Grasping for certainty is exhausting work. This task becomes more grueling when inner turmoil is compounded by exterior circumstances.
I am most settled when I have a clear purpose and a steady sense of the Divine. When either of those wanes, the other suffers too. Uncertain of myself, I cannot seem to hold God steady in my view; and uncertain of the Divine, my sense of self threatens to crumble.
This time of social isolation brings the gift of space to breathe. Space to think. Space to consider the direction, meaning, and purpose of my life. It is a rare and bizarre opportunity, and one I do not want to waste.
So often life unfolds unintentionally. The pressure and pace of life presses us into quick, reflective decisions often lacking intentionality. Our life becomes a compounded series of emotional and pressure-laden decisions which removes all the margins from our days.
I realized the other morning as I made my coffee without hurry, how rare these unhurried moments have been prior to COVID-19. Now, they are commonplace. So why, with all this space in my days, do I feel so tired all the time?
With so much possibility in front of me, the sheer magnitude of options exhausts my brain as I carefully weigh each option until a new, creative option enters my mind. So many options are overwhelming and so often I end up doing nothing at all. The screen time on my phone steadily rises as the pull of checking every social media app on my phone pulls at me with a relentlessness which takes incredible energy to ignore. I am energized by productivity. I thrive on accomplishing as much as possible in each day, and yet here I sit, with more time at my disposal than ever before, and I am exhausted.

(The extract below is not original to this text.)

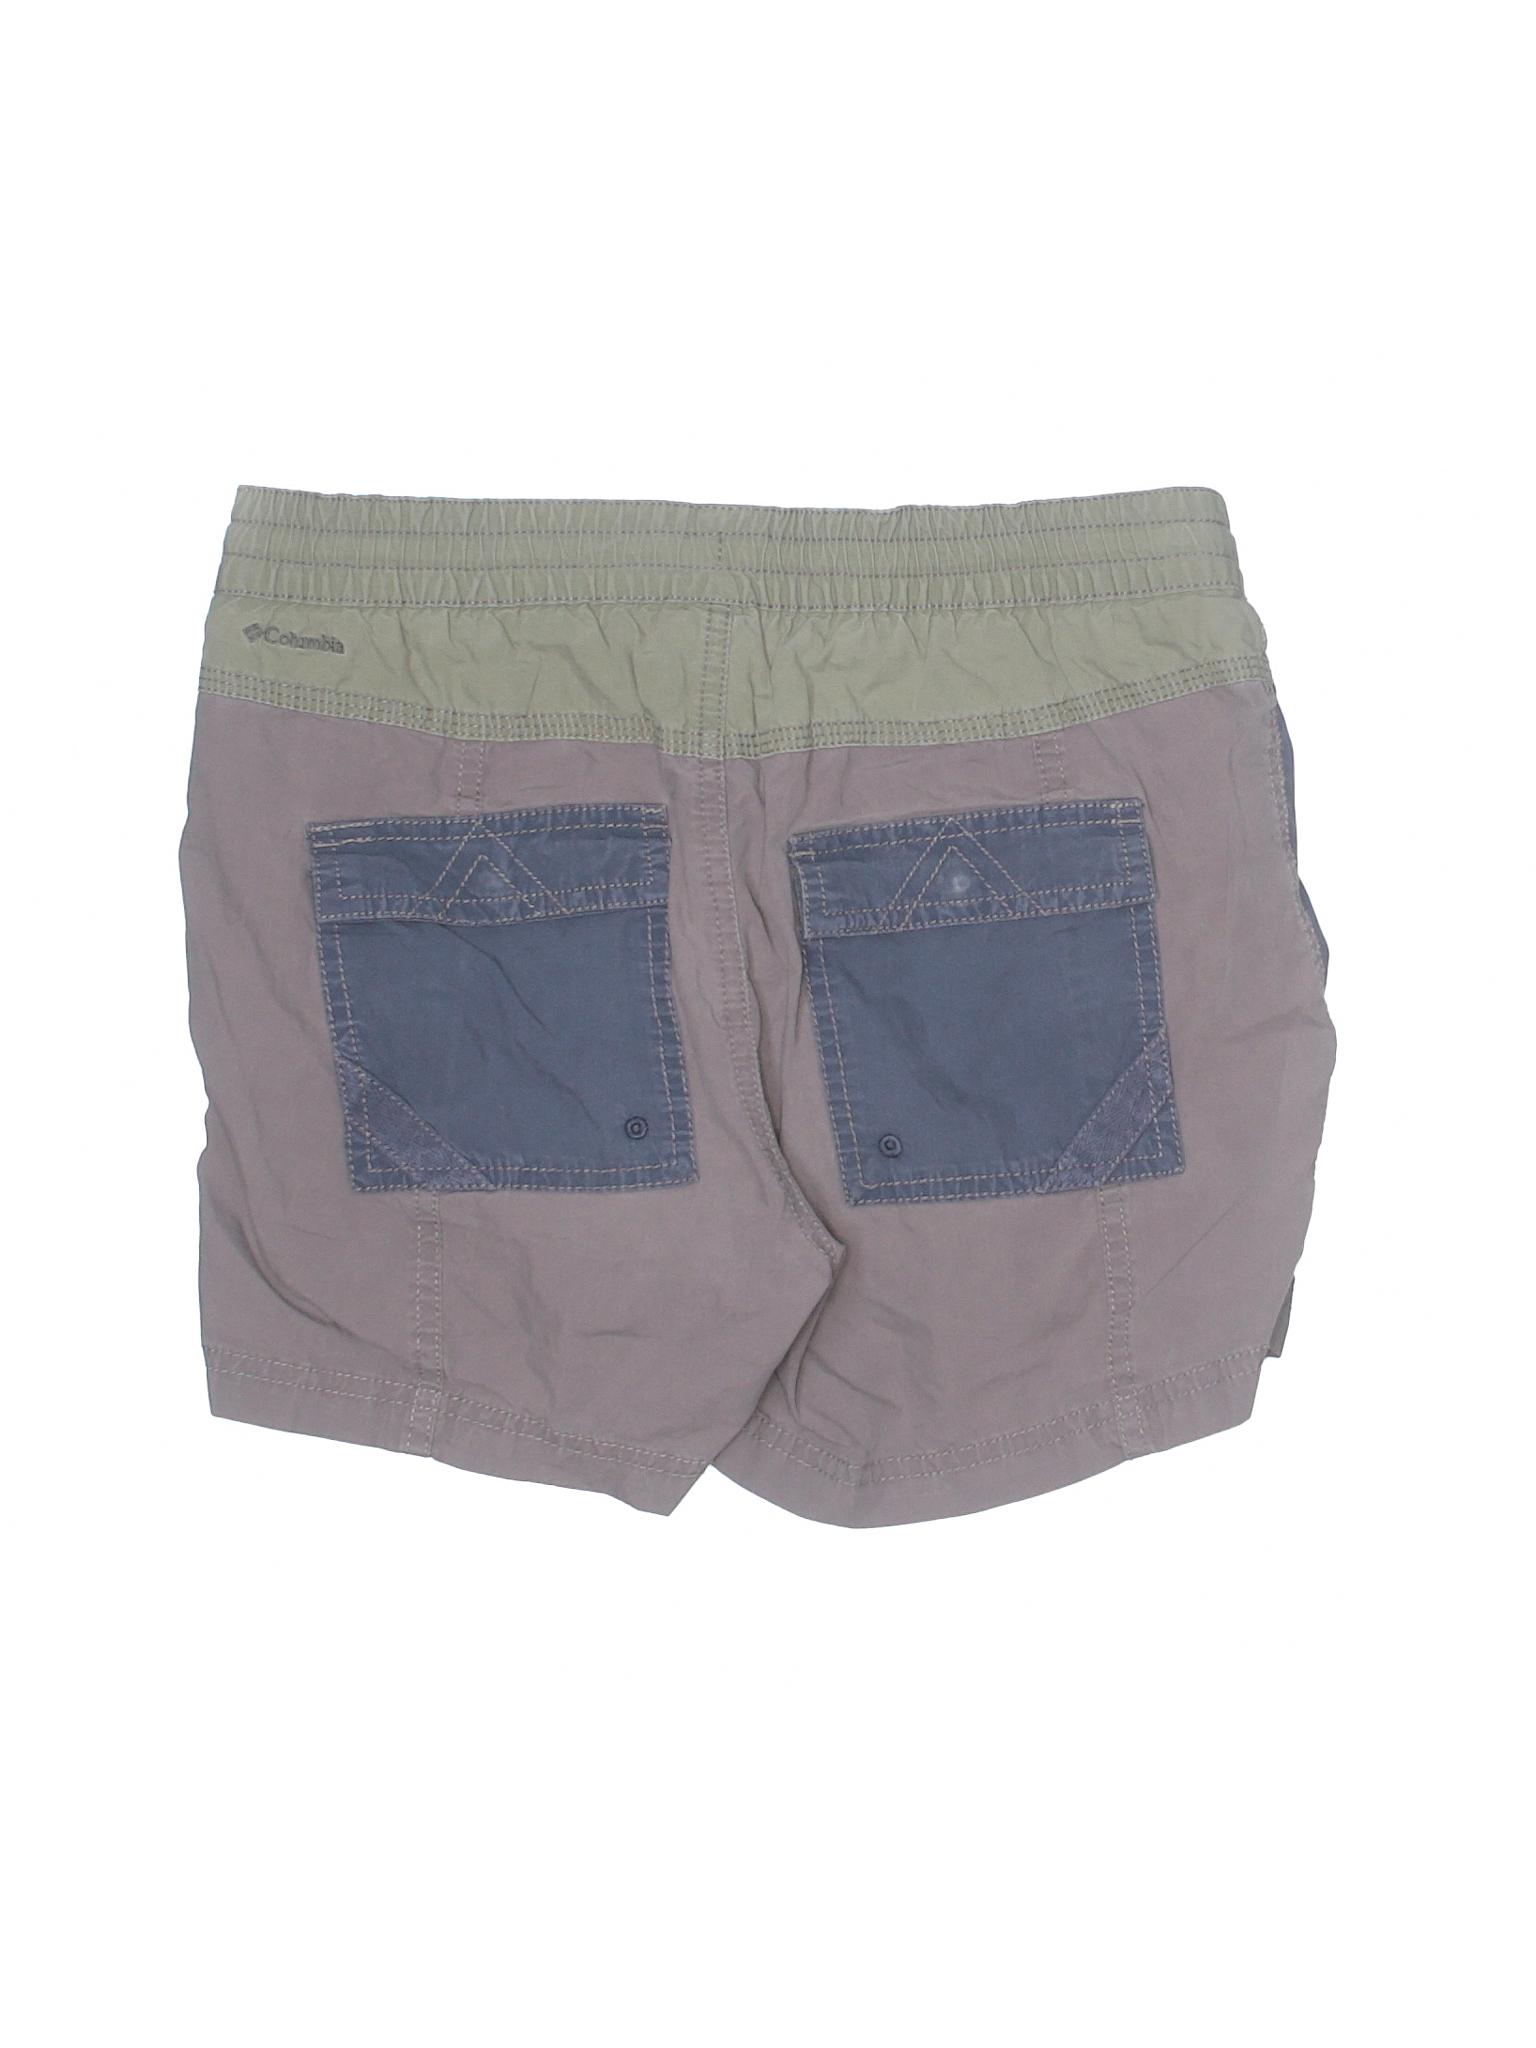 Boutique leisure Boutique Boutique leisure Columbia Shorts leisure Shorts Columbia Columbia Shorts qRIaBpaZ
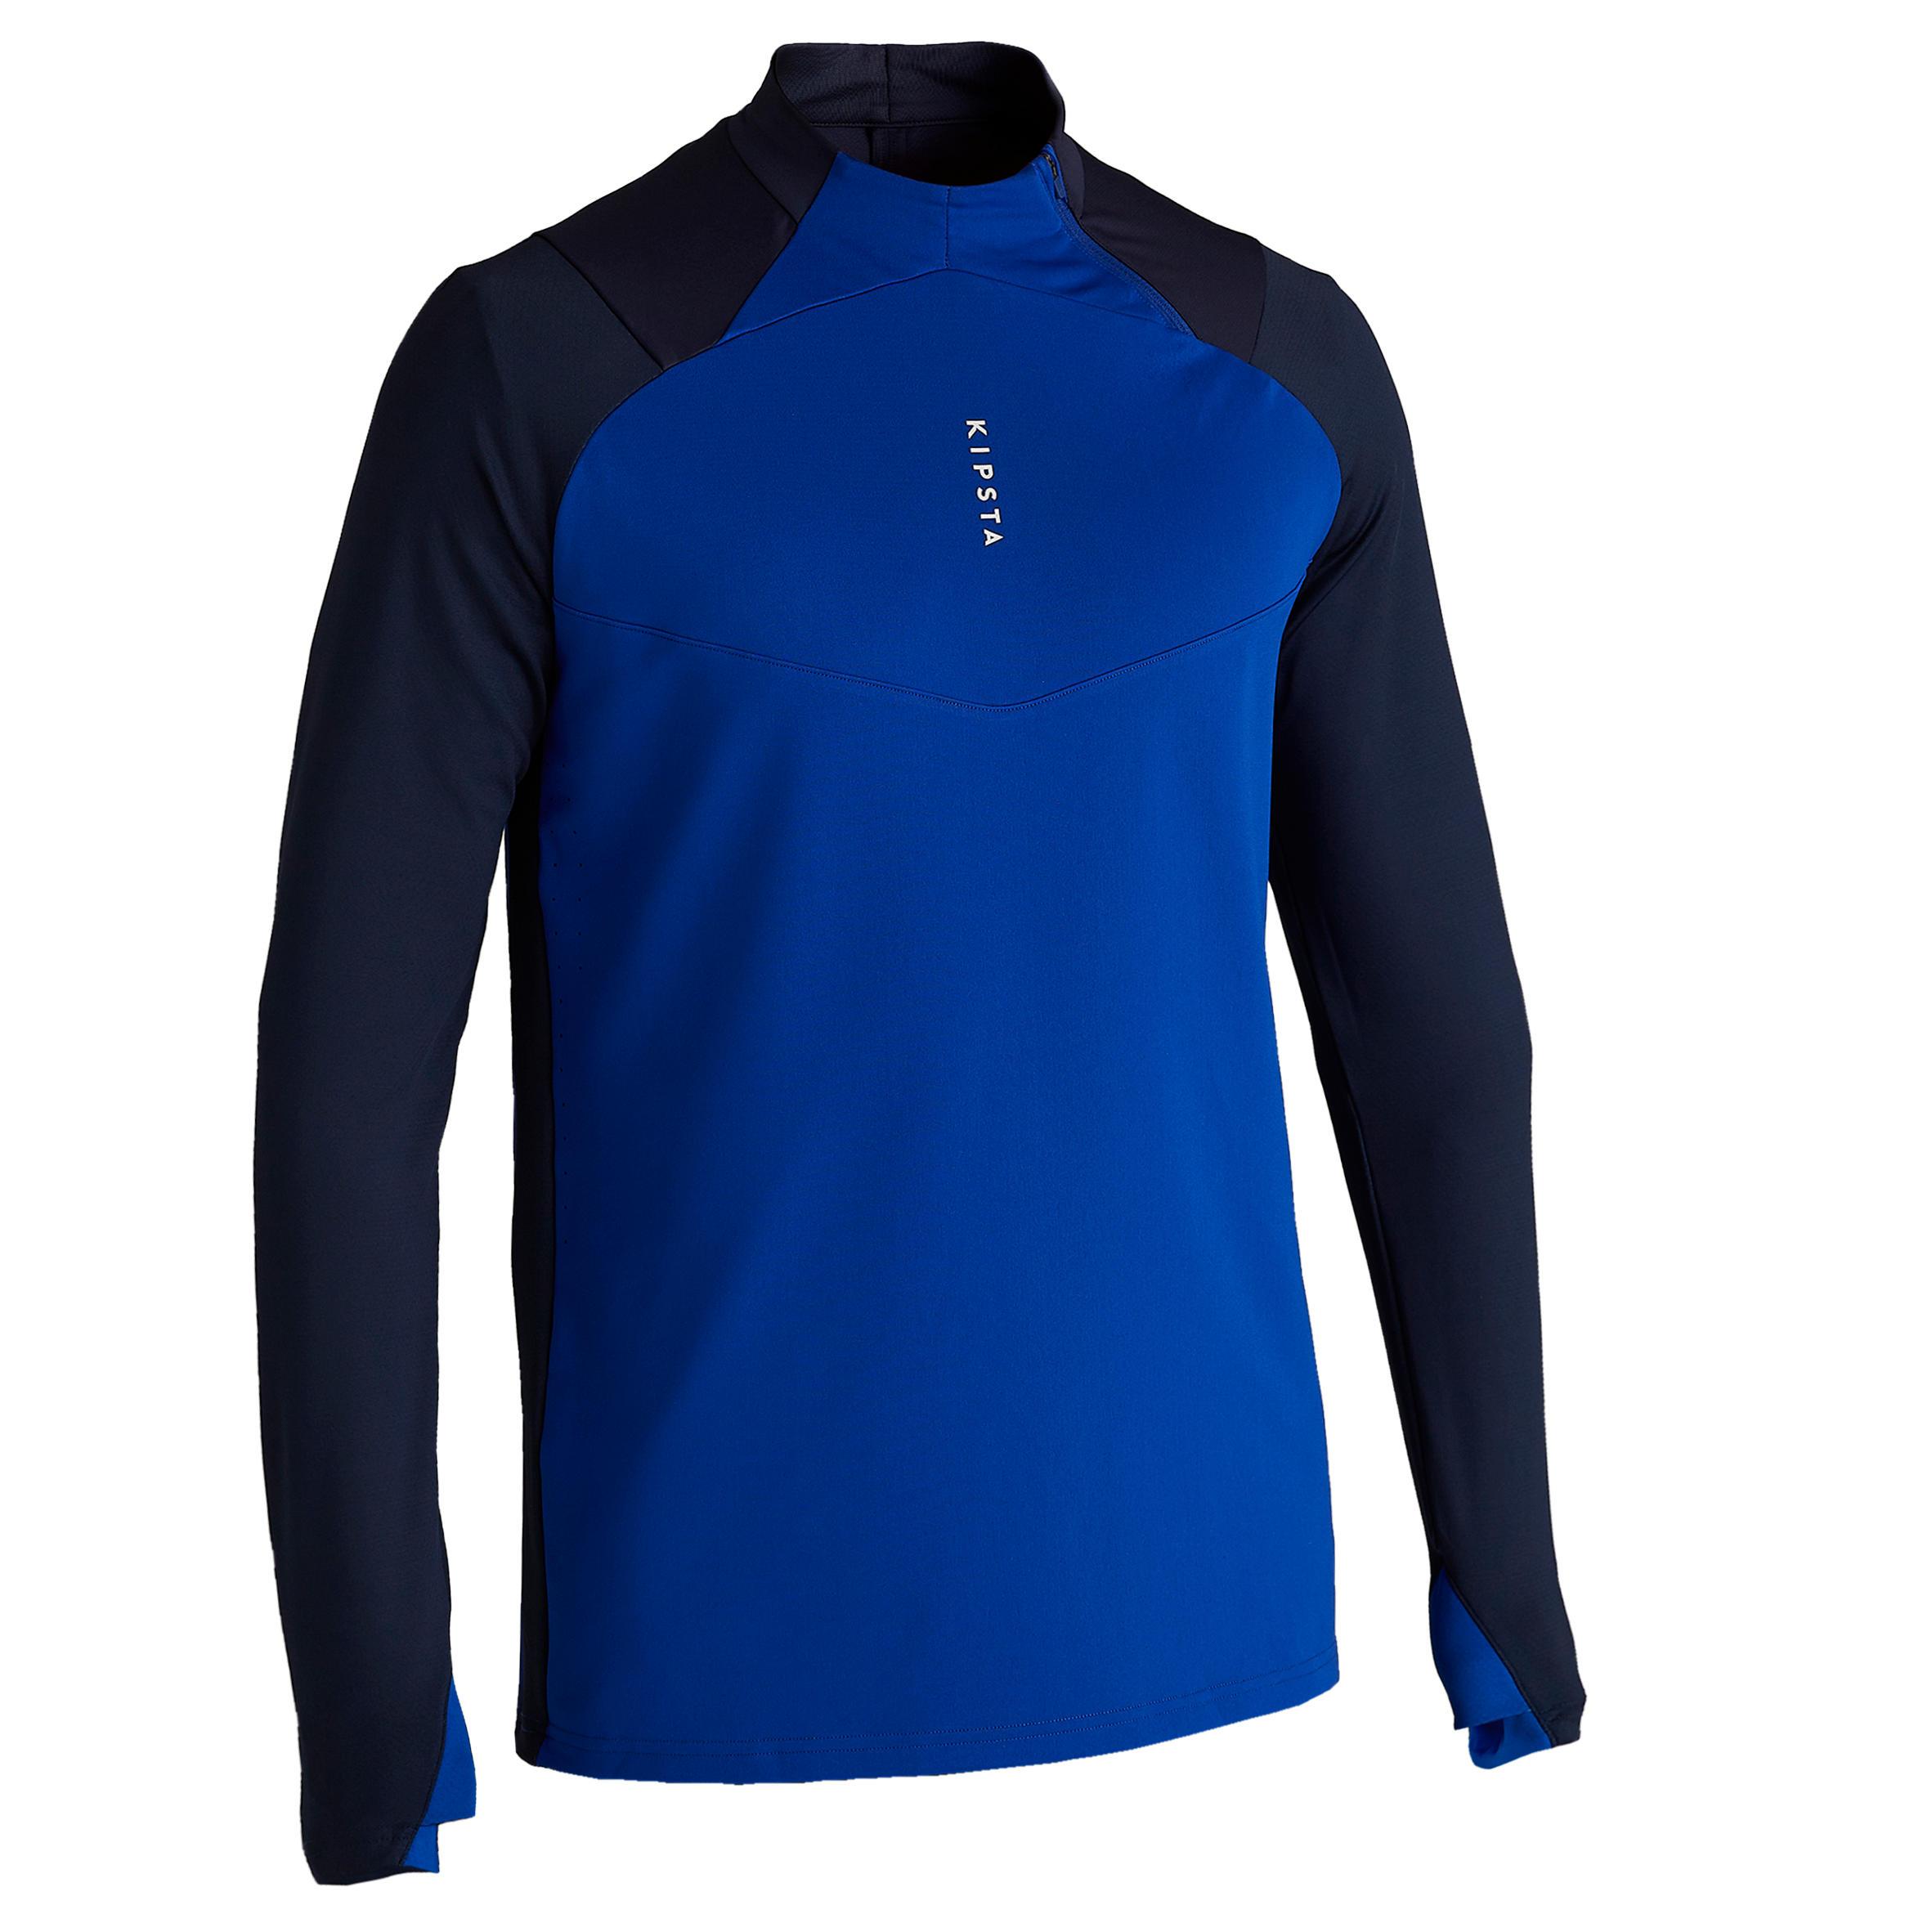 Trainingsshirt Fussball T500 1/2 Zip Erwachsene blau

In part, this “disposable time” is an illusion as time completely alone is practically non-existent and time to apply full concentration is minimal. So here I sit, searching for a signal. My brain running at full speed during all waking (and some sleeping) hours, unable to fully concentrate and unable to stop thinking.
My signal is weak, my battery steadily draining, and recharging becomes a mechanism for survival rather than for thriving. I must accept survival mode, for as much as I long to thrive, I cannot push my way into this space. The good news is I am surviving, and I am grateful for the activities recharge my batteries, even if those batteries are always rapidly draining.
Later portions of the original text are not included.